How can this be since I am trying to save to my desktop? I tried searching the internet and none of those solutions seem to present any help.


----------



## WendyM (Jun 28, 2003)

Can you save from other programs to your desktop?


----------



## beahare (Sep 11, 2005)

Yes, in fact I can save in Word it is just when I hit save in .html or .htm mode.


----------



## WendyM (Jun 28, 2003)

Can you save other documents as an .html or is it just one file?


----------



## beahare (Sep 11, 2005)

No, it is all documents using microsoft word.


----------



## WendyM (Jun 28, 2003)

Hmmmm ... I'm stumped. You can try searching for and deleting the normal.dot file. It will be recreated the next time you open Word. That can sometimes clear out general errors with Word.


----------



## valis (Sep 24, 2004)

WendyM said:


> You can try searching for and deleting the normal.dot file.


aggreance....betcha that solves it, too.


----------



## WendyM (Jun 28, 2003)

I like it when people are in agreeance.  It's worth a shot anyway, right?


----------



## valis (Sep 24, 2004)

ya sure, you betcha.  

be surprised, to be honest, if that didn't work. What an odd problem, though, beahare. You get the prize for the day!
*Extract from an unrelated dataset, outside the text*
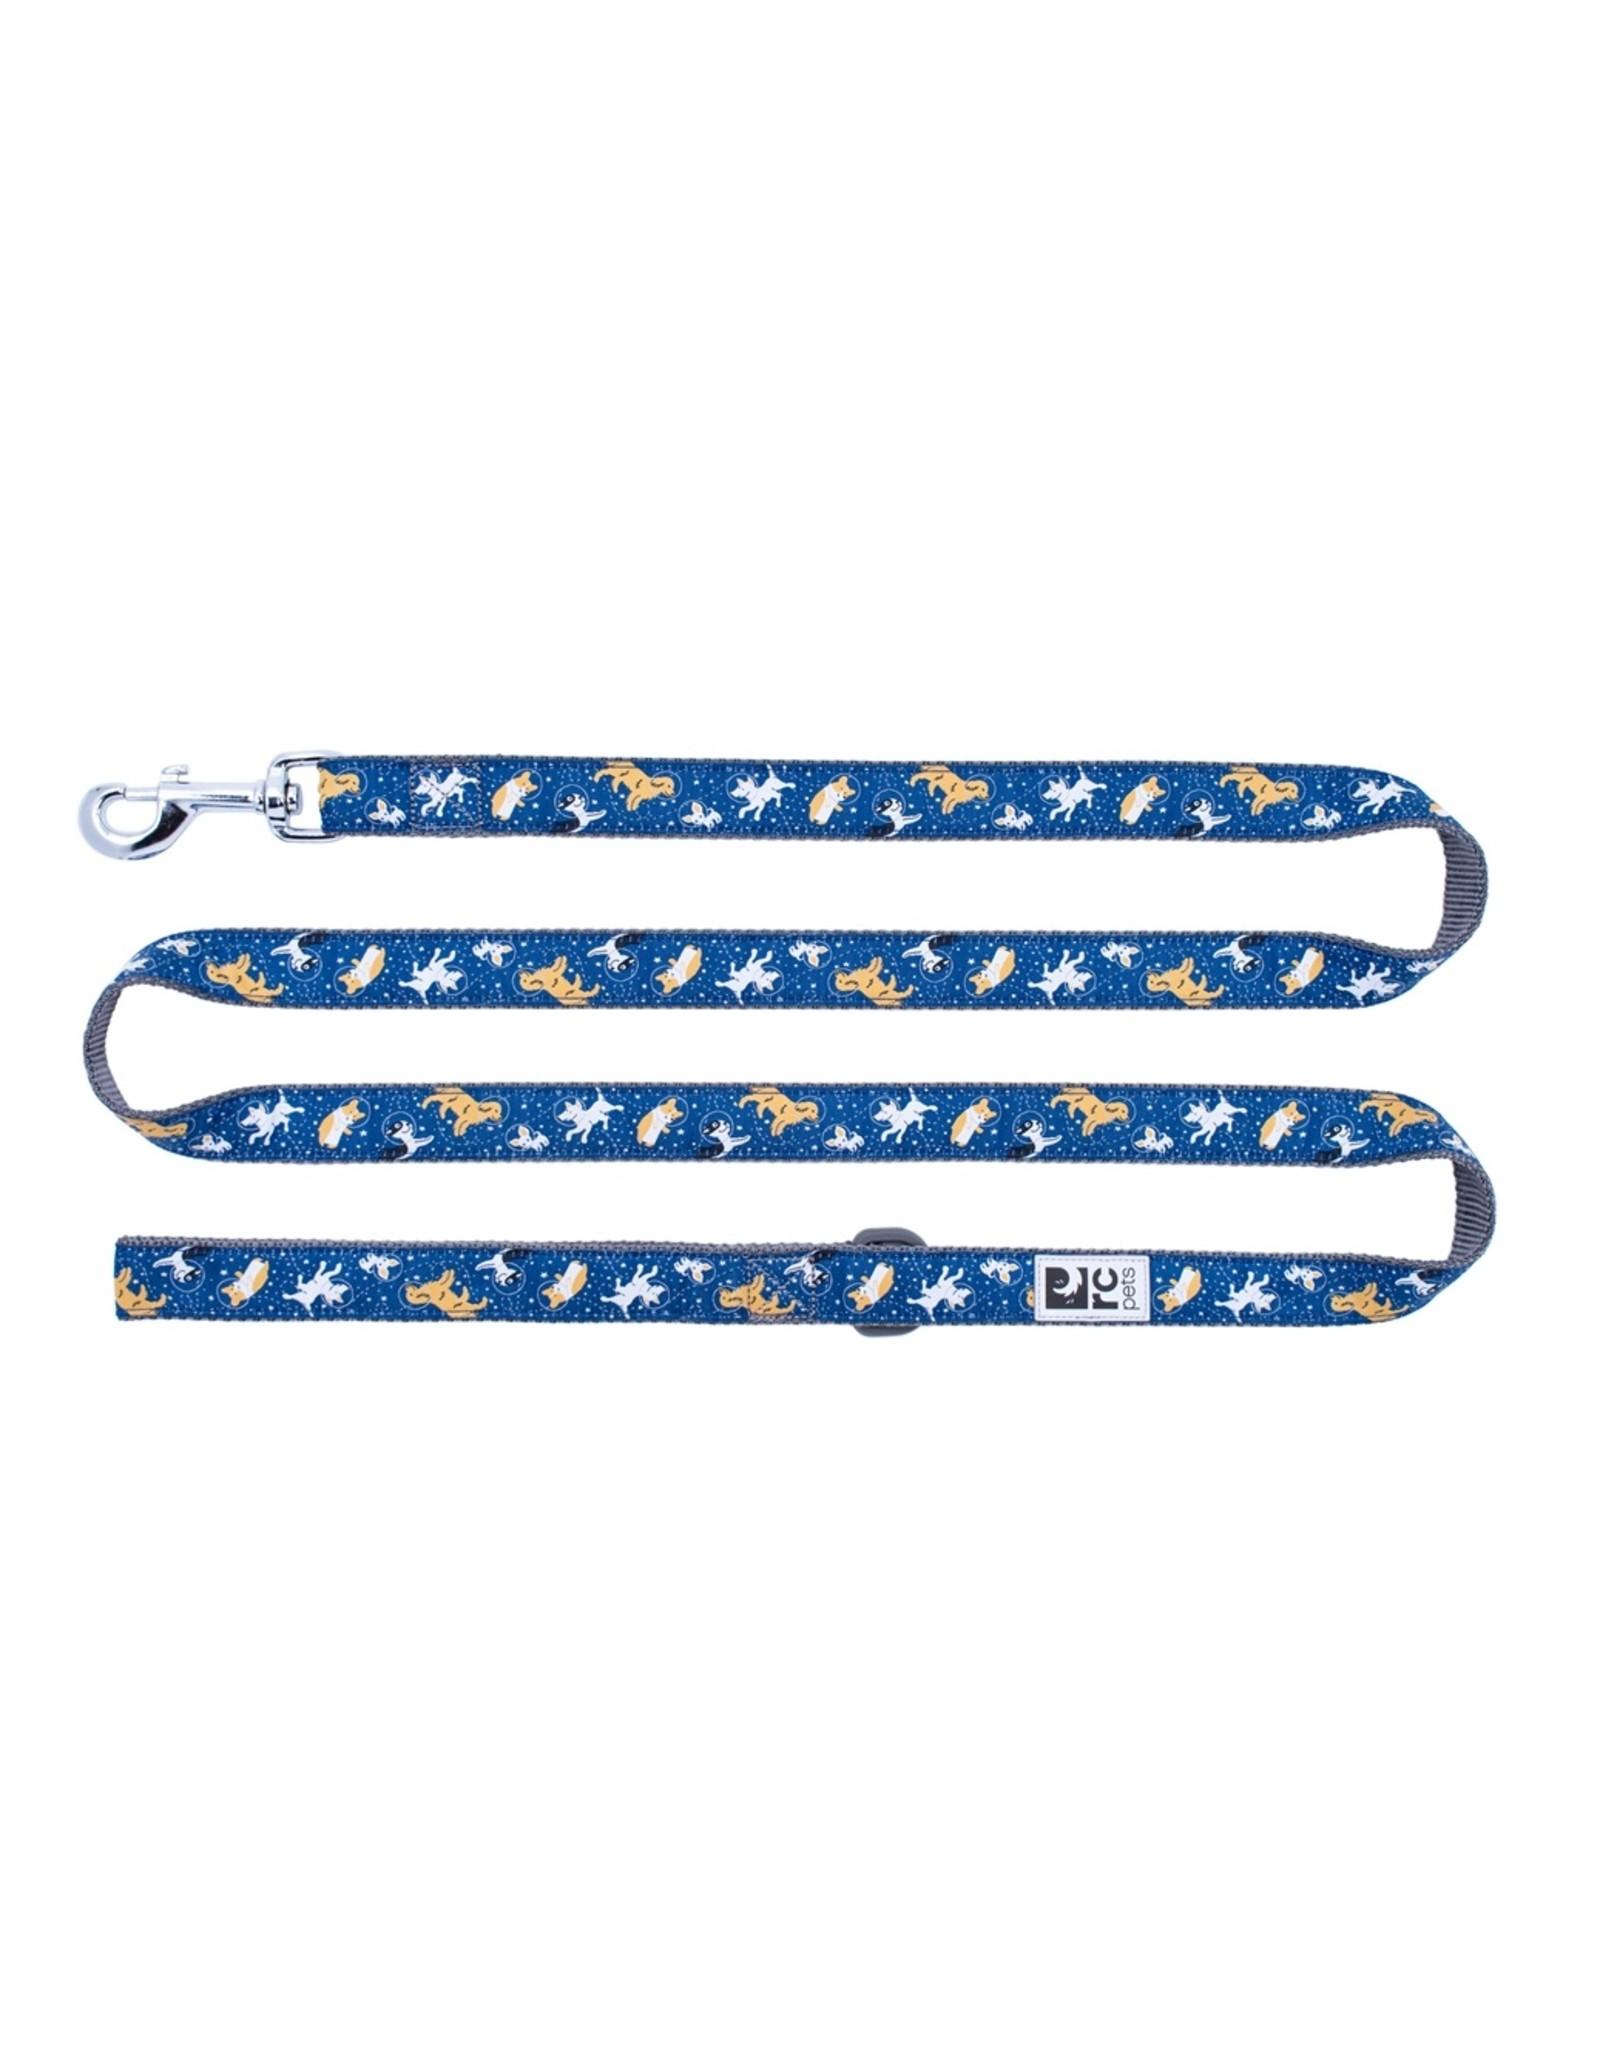 RC Pet Products RC Pets Original Designs Dog Lead 6ft

you know. That may not be that bad an idea for this forum, the OddProb of the Day Award....hmmmmm


----------



## WendyM (Jun 28, 2003)

They're going to kick you out of Texas if you don't get your accent straight! You might as well have said "Ayuh!"

Sorry beahare, we're getting a little sidetracked.  Let us know if that worked.


----------



## beahare (Sep 11, 2005)

I deleted all the Normal.dot files and again I tried to save and received the error. It isn't like I am trying to save to a disk, it is my desktop. I have tried to save everywhere including a cd and a floppy disk and they still don't save. This is so disgusting.


----------



## valis (Sep 24, 2004)

how many normal.dot files did it find? should've been only one......


----------



## valis (Sep 24, 2004)

regardless, it's still not working; I've got some studying to do tonight, but will do some looking and post back later or tomorrow....should be an easy fix, as it's defnitely unique enough.

v


----------



## valis (Sep 24, 2004)

just to verify:

1. you can save other files from word on to your desktop, such as html.
2. you can save .doc files elsewhere in your system from word, just not to your desktop
3. you can save other files from other apps to your desktop.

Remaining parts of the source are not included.